Created attachment 26386 [details] cifs_writepages() assembly and source I'm attaching start of cifs_writepages() and corresponding source code. I believe it should be enough for someone used to this kind of things to see where the oops occurred. I'm not that person, unfortunately. I have to stop for today. I'll try to help in what I can over the weekend.
Probably panicked dereferencing this: if (cifs_sb->wsize < PAGE_CACHE_SIZE) return generic_writepages(mapping, wbc); Most likely cifs_sb was bogus. Not too surprising since the superblock had been freed. Unfortunately, busy inodes after umount problems are very difficult to track down. What would help most for that is a reliable way to reproduce the problem.
Could this be some kind of race condition? Some inodes off of an unmounted filesystem with pages to be written out to the backing store? I think Jeff is right, EIP: [<c110d057>] cifs_writepages+0x35/0x60a SS:ESP 0068:f7885dcc EAX: 00000400 2f73: 81 78 14 ff 0f 00 00 cmpl $0xfff,0x14(%eax) if (cifs_sb->wsize < PAGE_CACHE_SIZE)
Maybe.

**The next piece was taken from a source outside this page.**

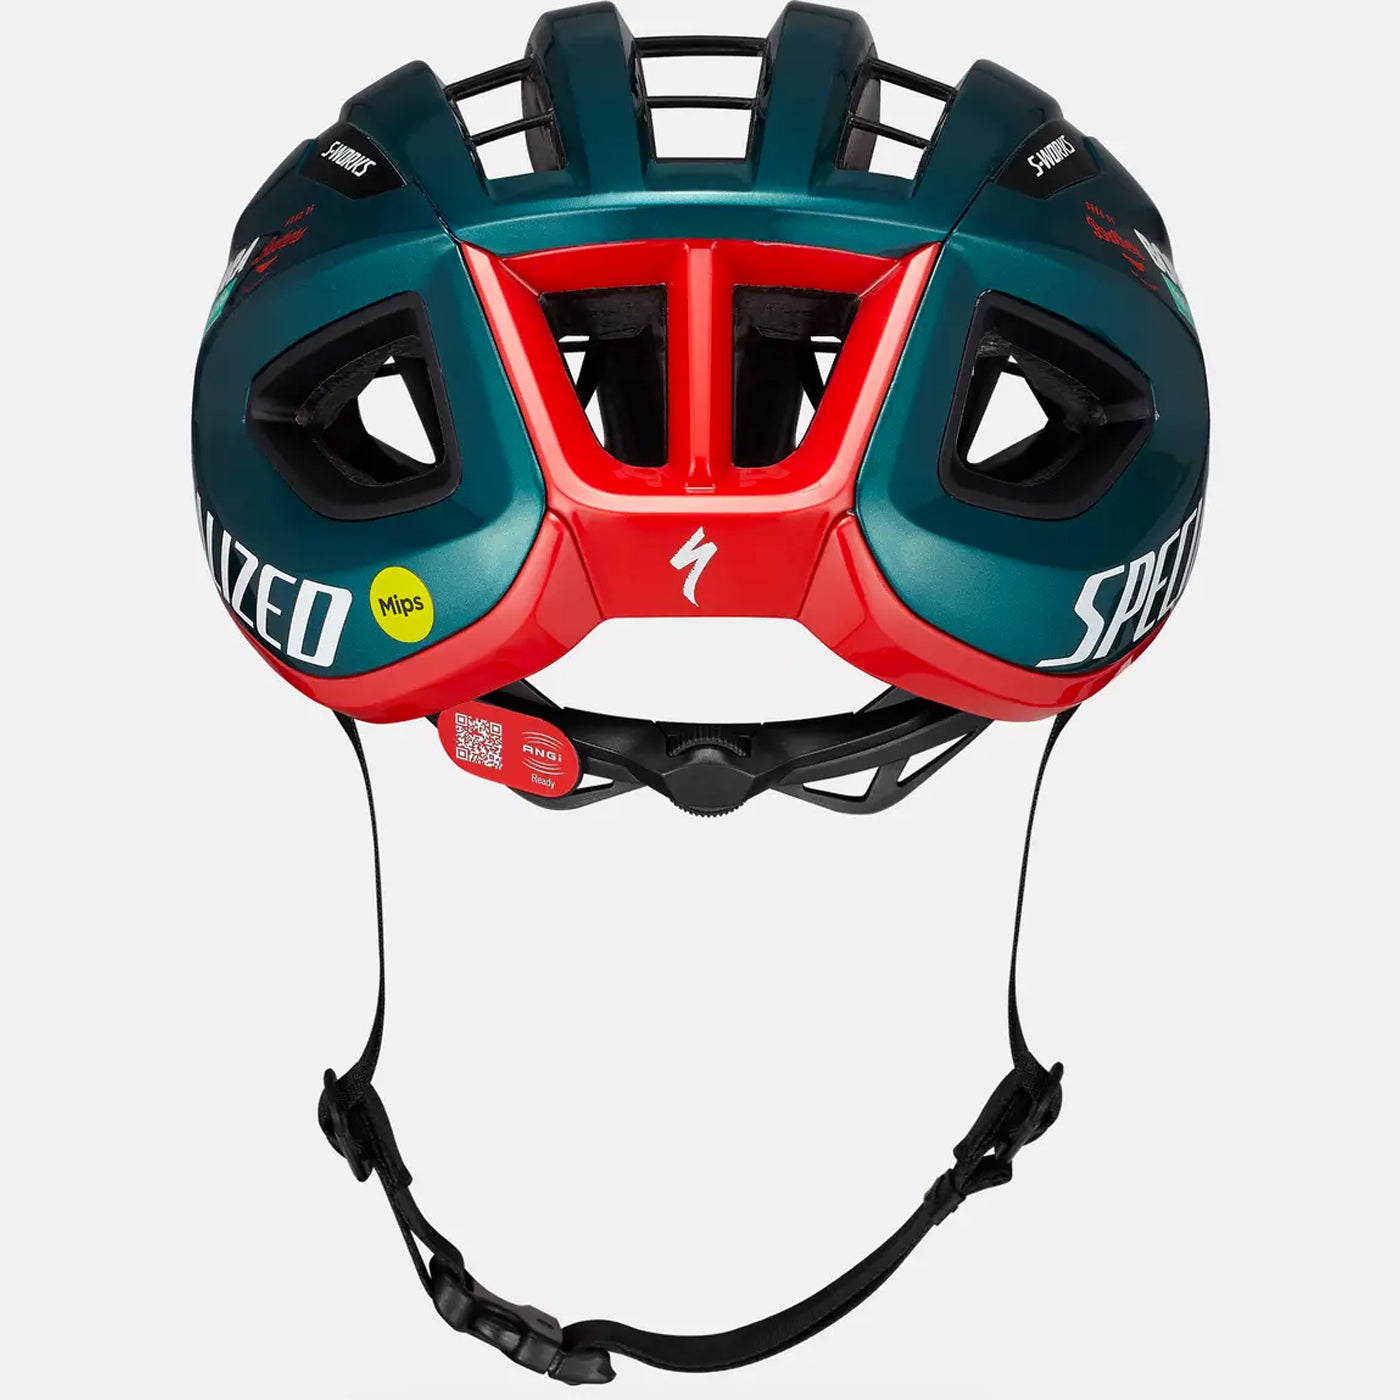 Specialized Prevail 3 helmet - Bora Hansgrohe
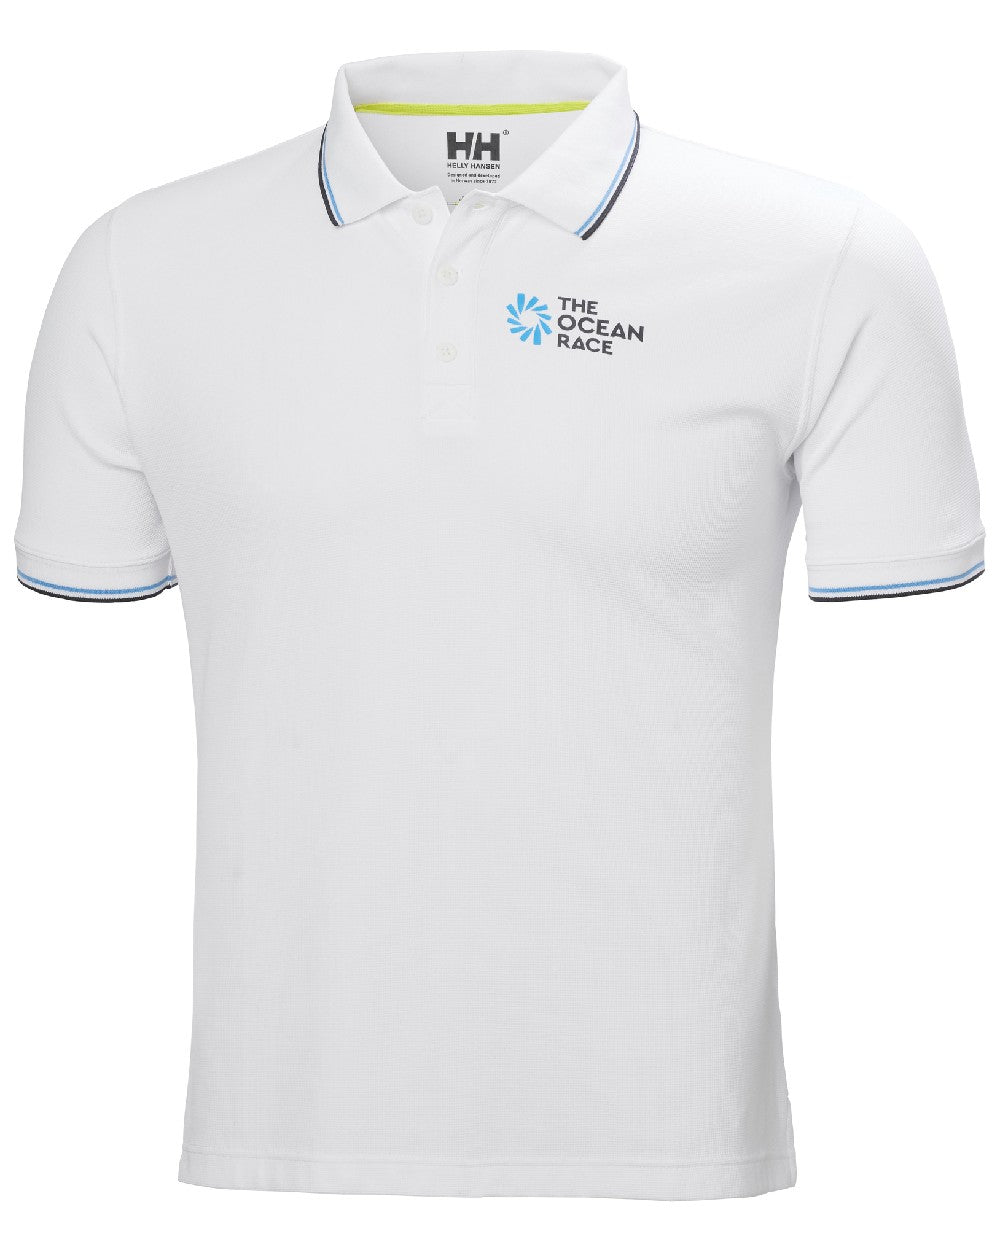 White coloured Helly Hansen Womens Ocean Race Polo Shirt on white background

Are we not reliably flushing on close()? I'll need to take a look and see if I can reproduce it on my more recent kernel.
Oh, and btw...you can also run gdb on the uncompressed vmlinux image that the kernel build produces...
Created attachment 26389 [details] patchset 3 Here's a third patchset that's probably pretty close to what I'll propose upstream. The main change is that it also forces revalidation of the file after the last close. I doubt this will help the reproducer here, but it might. The default setting of serverino will need to be dealt with and discussed separately. I still think it's the safest course of action, but we should probably take it to the list. I'll also need to see if I can reproduce this problem myself, especially the busy inodes after umount problem.
Testing this with an ext4 fs on the server and it ran for a long time. I did get these sorts of errors when it ran concurrently, but it never exited. I suppose that they are expected? ./test-cifs.sh: line 15: 2: Invalid argument ./test-cifs.sh: line 15: 1: Invalid argument ./test-cifs.sh: line 15: 1: No such file or directory cat: 2: No such file or directory ./test-cifs.sh: line 15: 2: Invalid argument ./test-cifs.sh: line 15: 2: Invalid argument cat: 1: No such file or directory cat: 2: No such file or directory cat: 2: No such file or directory ./test-cifs.sh: line 15: 2: No such file or directory cat: 2: No such file or directory ./test-cifs.sh: line 15: 1: Invalid argument touch: setting times of `2': Invalid argument ./test-cifs.sh: line 15: 2: No such file or directory ./test-cifs.sh: line 15: 1: No such file or directory ./test-cifs.sh: line 15: 1: No such file or directory ./test-cifs.sh: line 15: 1: No such file or directory With an ext3 fs on the server, the run lasted a little longer with my latest patchset, but still eventually the script exited. I also tried setting cifs_i->invalid_mapping to true in the last cifs_close for an inode and it still failed. Not sure what to make of that yet.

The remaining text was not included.